• Exercise requirements:
Your copy of the listing should be exact and should contain no pictures.

• Information provided:

◆ ◆ ◆

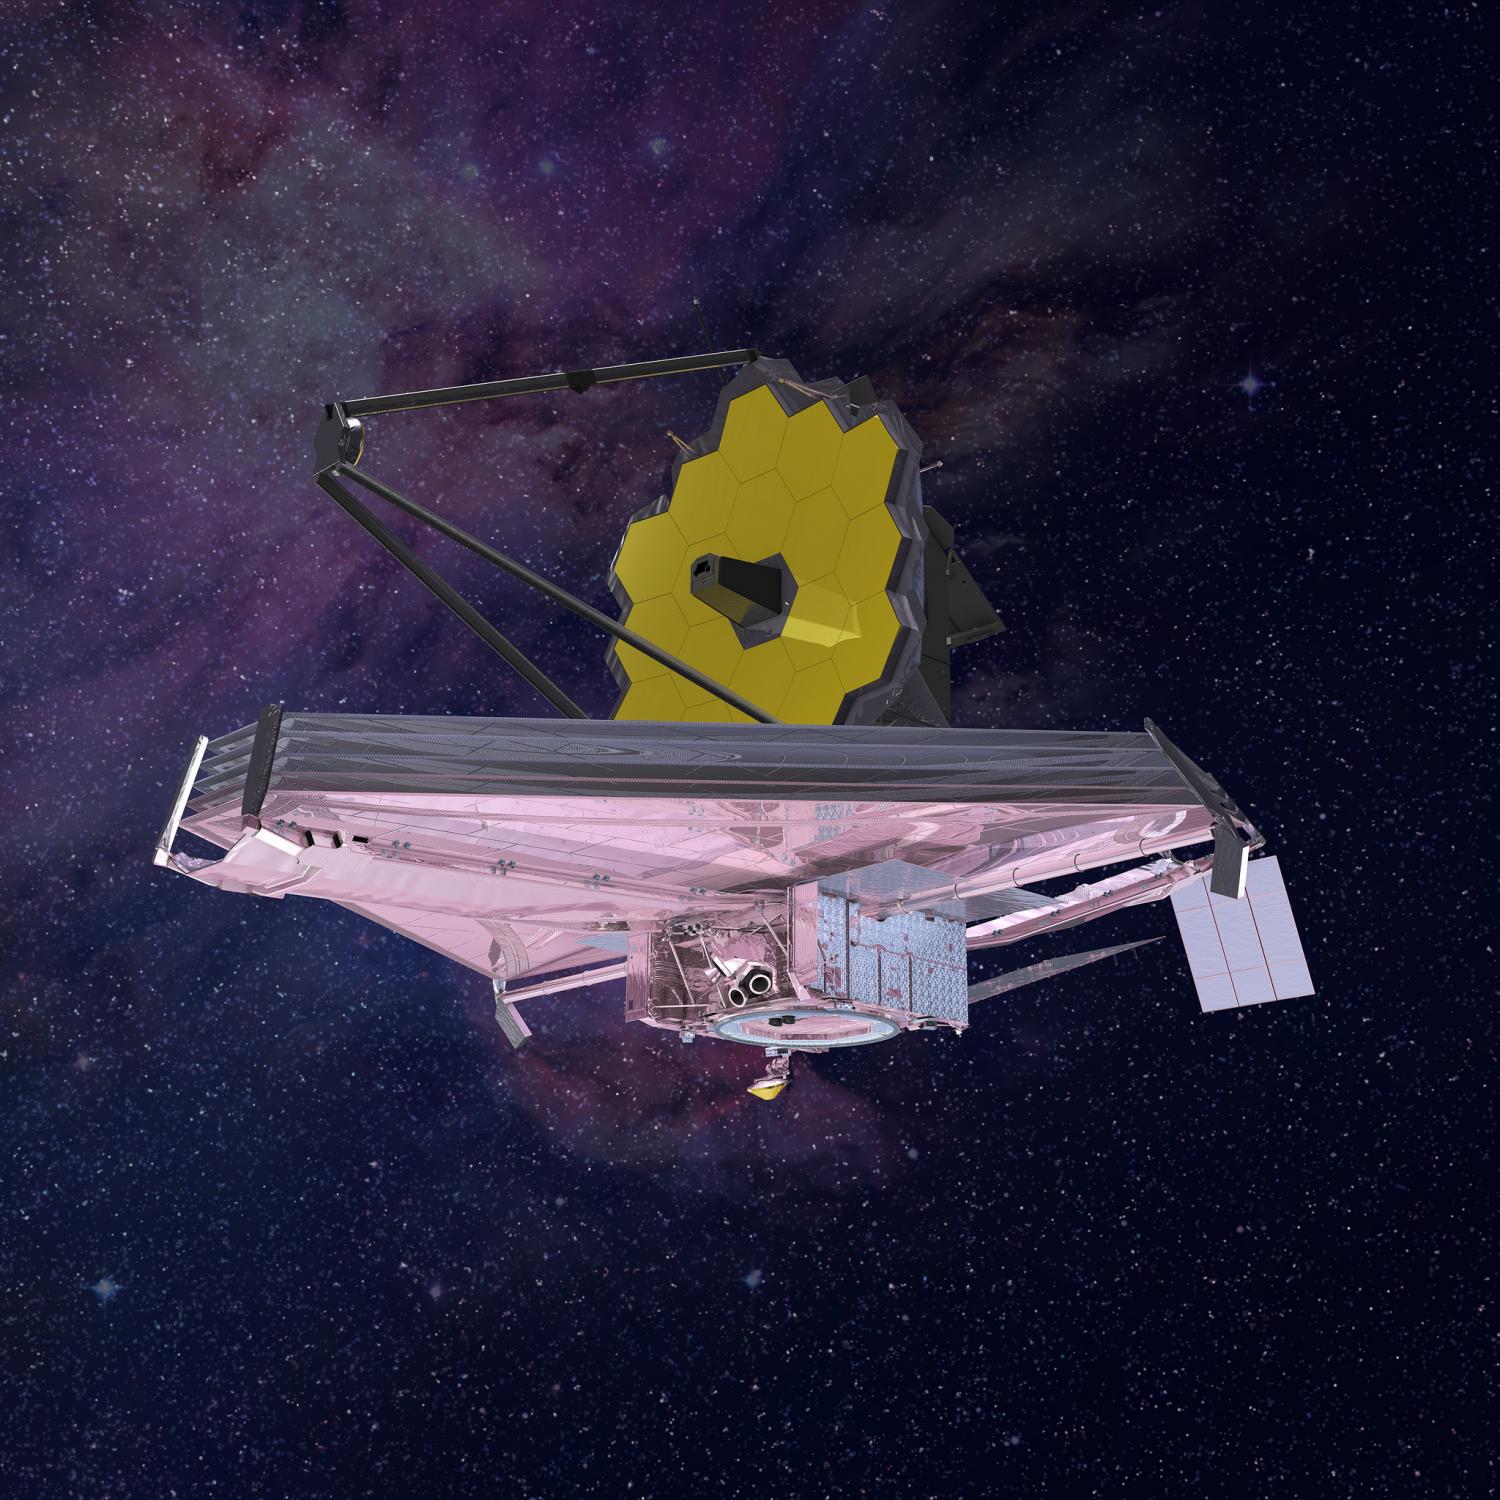 Webb Telescope in orbit
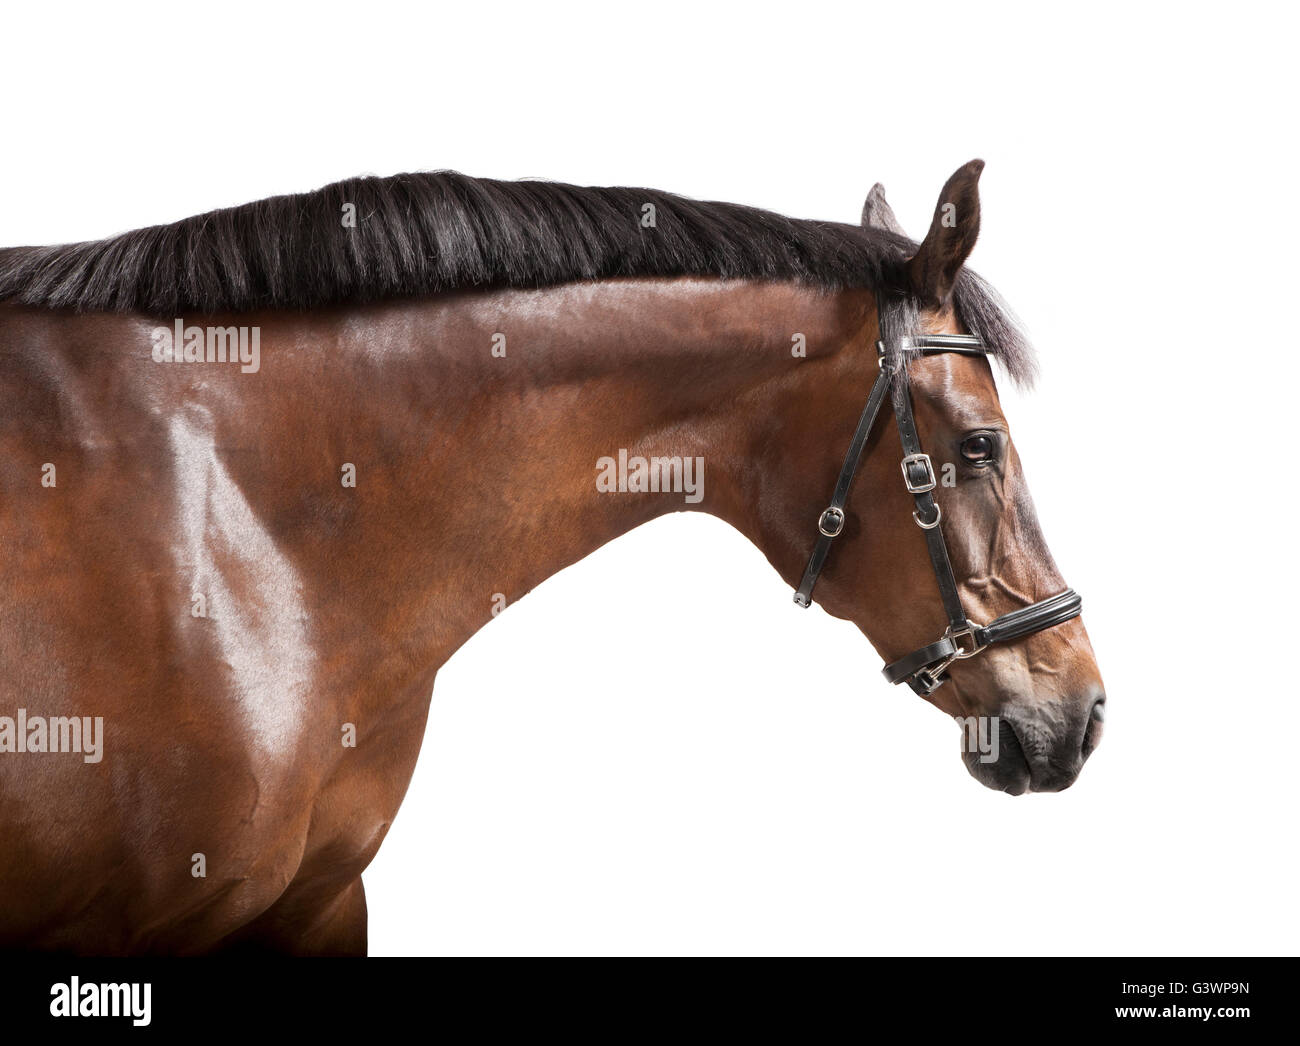 Un cavallo marrone in studio contro uno sfondo bianco, isolato Foto Stock
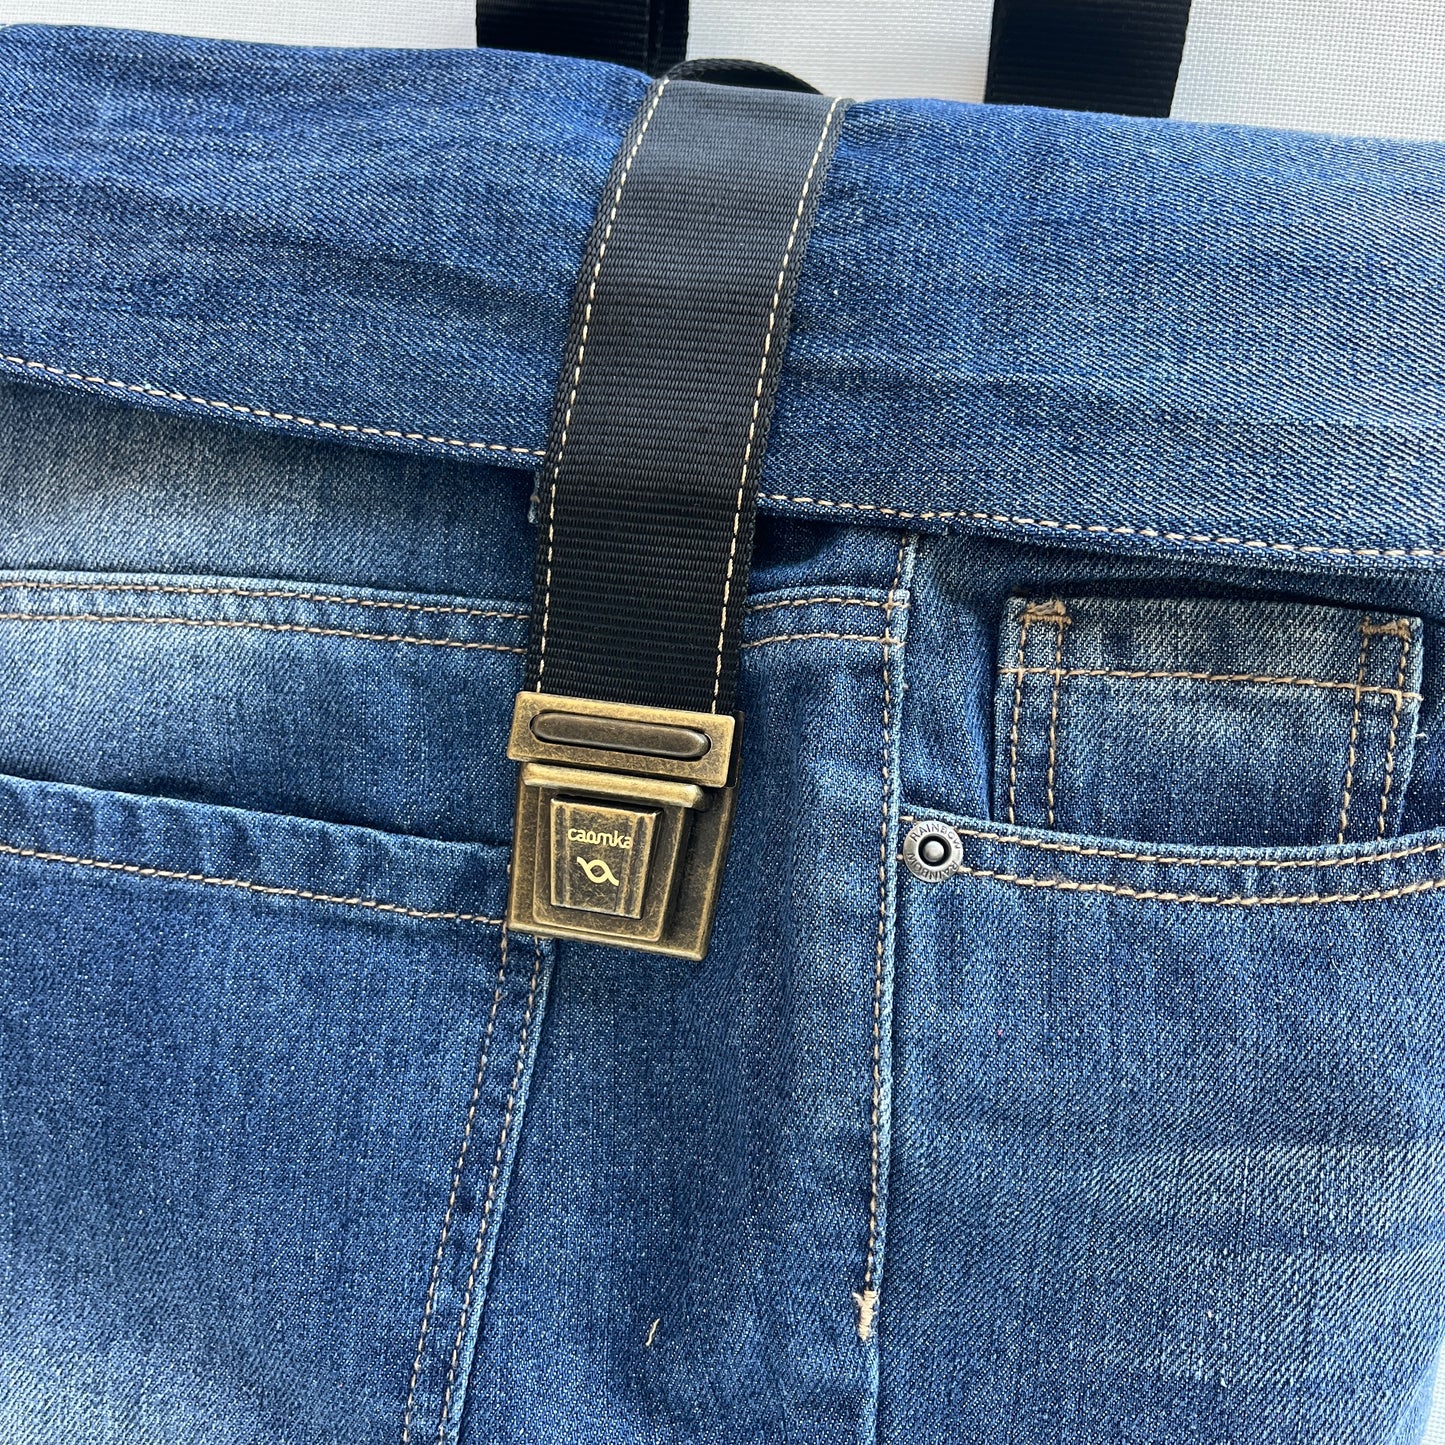 Mochila Top Caomka Recycled ♻️ Jeans · Pieza Única 15505

◆ ◆ ◆

• Your response:
 Webb Telescope in orbit
 Un cavallo marrone in studio contro uno sfondo bianco, isolato Foto Stock
 Mochila Top Caomka Recycled ♻️ Jeans · Pieza Única 15505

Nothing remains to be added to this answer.